Most immigrants don't have many options after leaving their country, as opposed to native-born Americans — most of whom have the chance to choose a career path and find employment through friends, family members, co-workers and other connections built over time.
"You can find a job," he said. "If you lose your current job, you'd reach out to friends or family, perhaps you belong to a church or other co-workers whom you've worked with in the past."

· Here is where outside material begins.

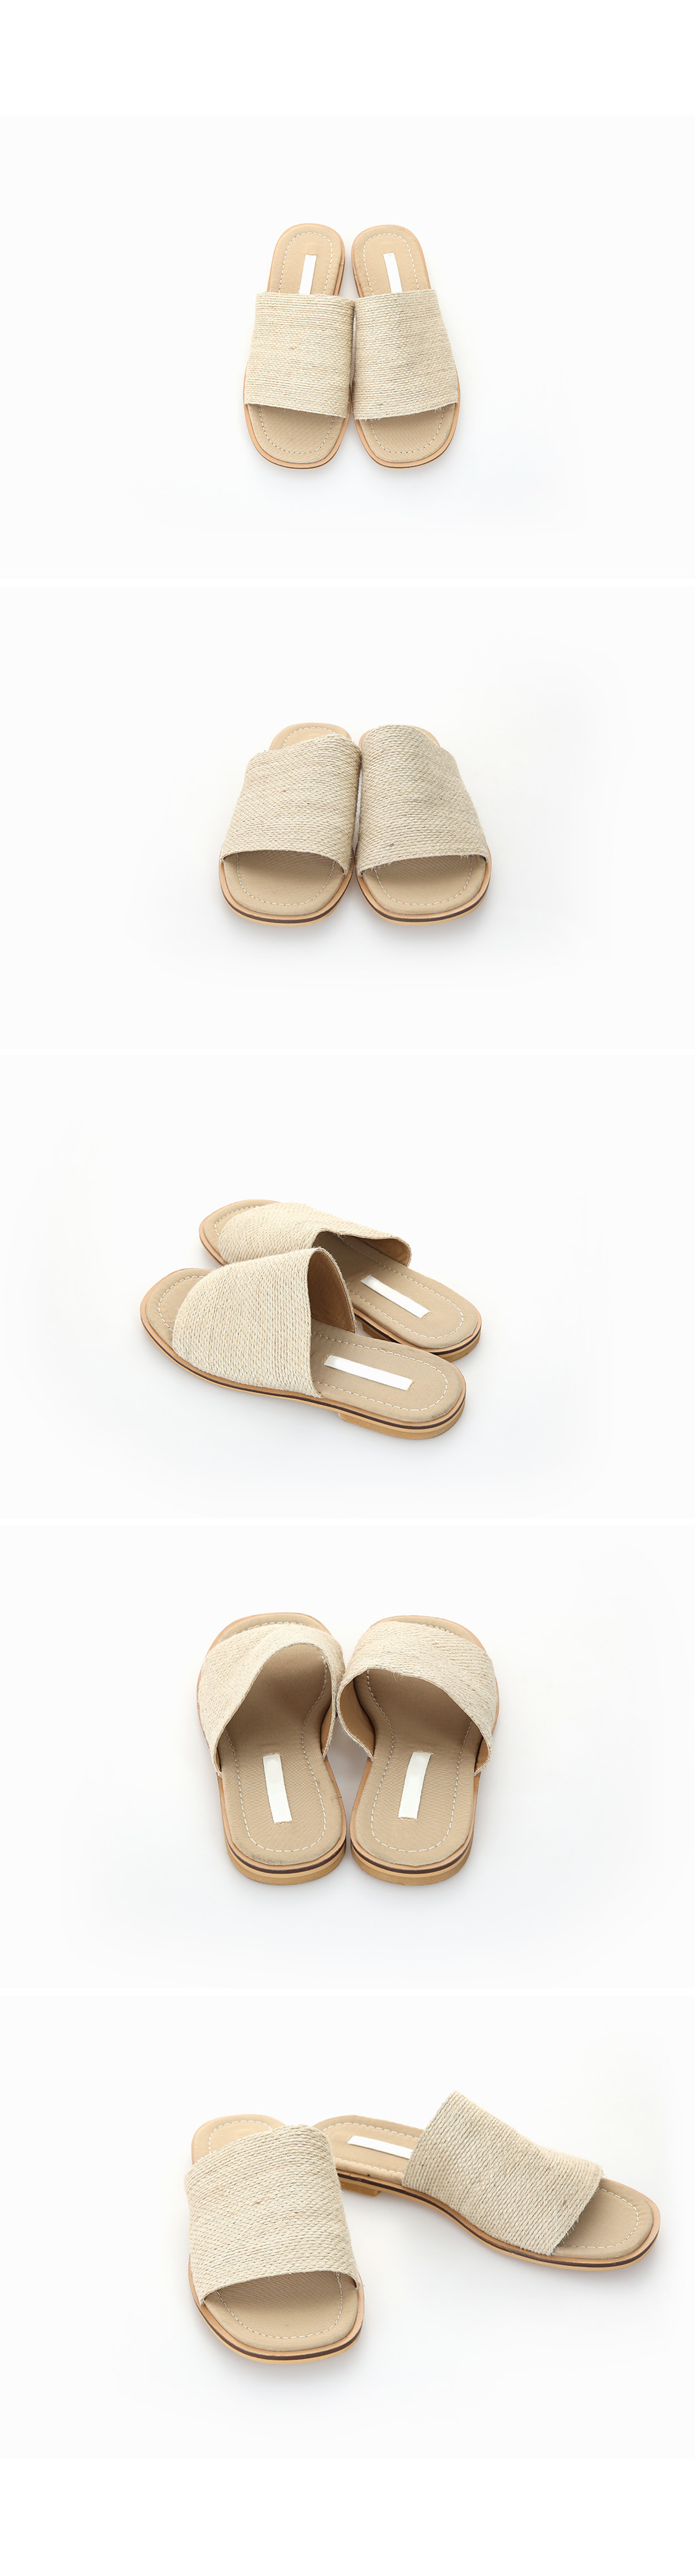 Mimon Ratan Slippers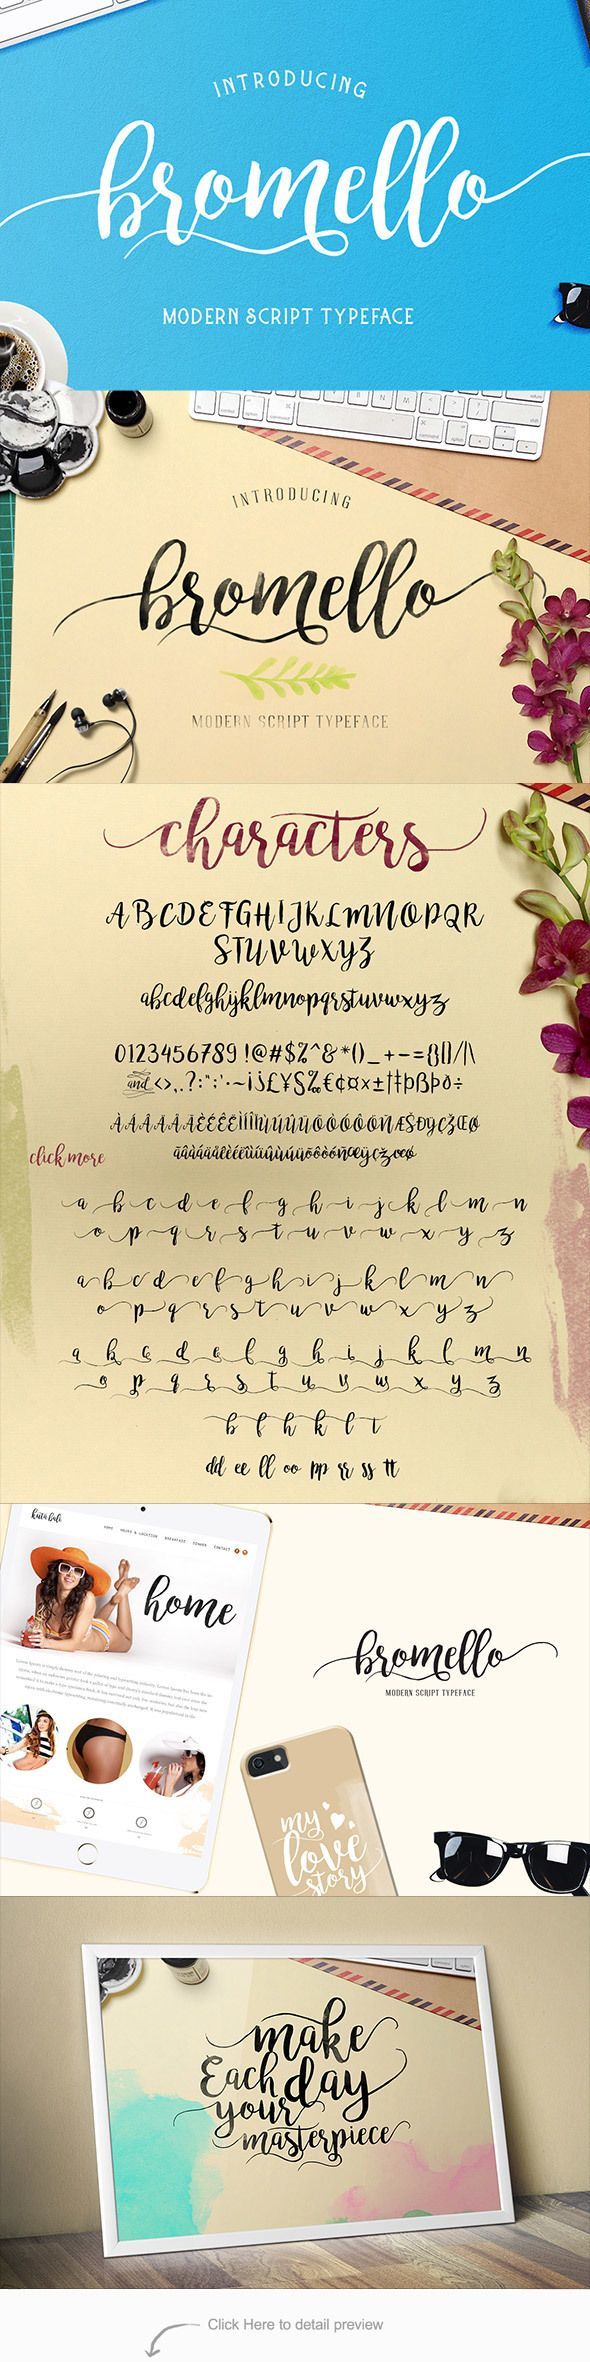 Bromello Typeface - Download: http://graphicriver.net/item/bromello-typeface/14429004?ref=ksioks

But even in Dallas, where the average immigrant has been in the U.S. for 17 years, according to a city census, most of the foreign-born don't have that luxury.
"It's an all-in kind of mindset," said Nilesh Naik, who was born in Zanzibar to Indian parents. "So in essence, we haven't burned our bridges, but we have, right? 'So let me see if this works, and if it doesn't work I'll go back.' It just has to work."
Naik's parents arrived in Dallas in 1976 and immediately invested in a hotel, he said.
"If you look at the hospitality business, from Day One you got an investment, from Day One you've got something that's producing cash, but by the same token you also have a roof over your head," Naik said.
Three years after graduating from Stanford University, Naik invested in a hardware manufacturing company, where he now owns the majority stock.
Based in far northeast Dallas, Eagle Circuit Inc. makes circuit board prototypes for tech companies. Naik said he wasn't worried about risks.
"It's more of like, you're young, you're energetic and you want to try something new, so I said, 'Let's do it,'" Naik said.
Even in the early 2000s, he said, when the trend of outsourcing manufacturing to countries in Asia began to emerge, the company, partly under his leadership, was able to adapt to the circumstances.
While the city of Dallas has set contract goals for businesses owned by ethnic minorities and women, there's no specific program in place to help immigrants who want to start a new business, said Liz Cedillo-Pereira, who oversees the Office of Welcoming Communities and Immigrant Affairs.
Naik has for decades been involved with the U.S.-India Chamber of Commerce in Dallas-Fort Worth. He attends networking events, which he said have been great for his business. Naik, 54, tries to advise young entrepreneurs in the chamber.
"If somebody's trying to get started, it's a great way just to have the background that kind of connects them, it helps break the ice a lot quicker," Naik said.
Cedillo-Pereira said her department focuses on civic engagement for now, but one of the priorities is to break down barriers for immigrants' success.
"We know from the data that it's sort of a magical thing," Cedillo-Pereira said. "Immigrants are entrepreneurial, and they have a way of being resilient and surviving and thriving even in difficult times, but if we can help them be included at a much more accelerated rate, I think that we would see a giant economic impact as a result locally and nationwide."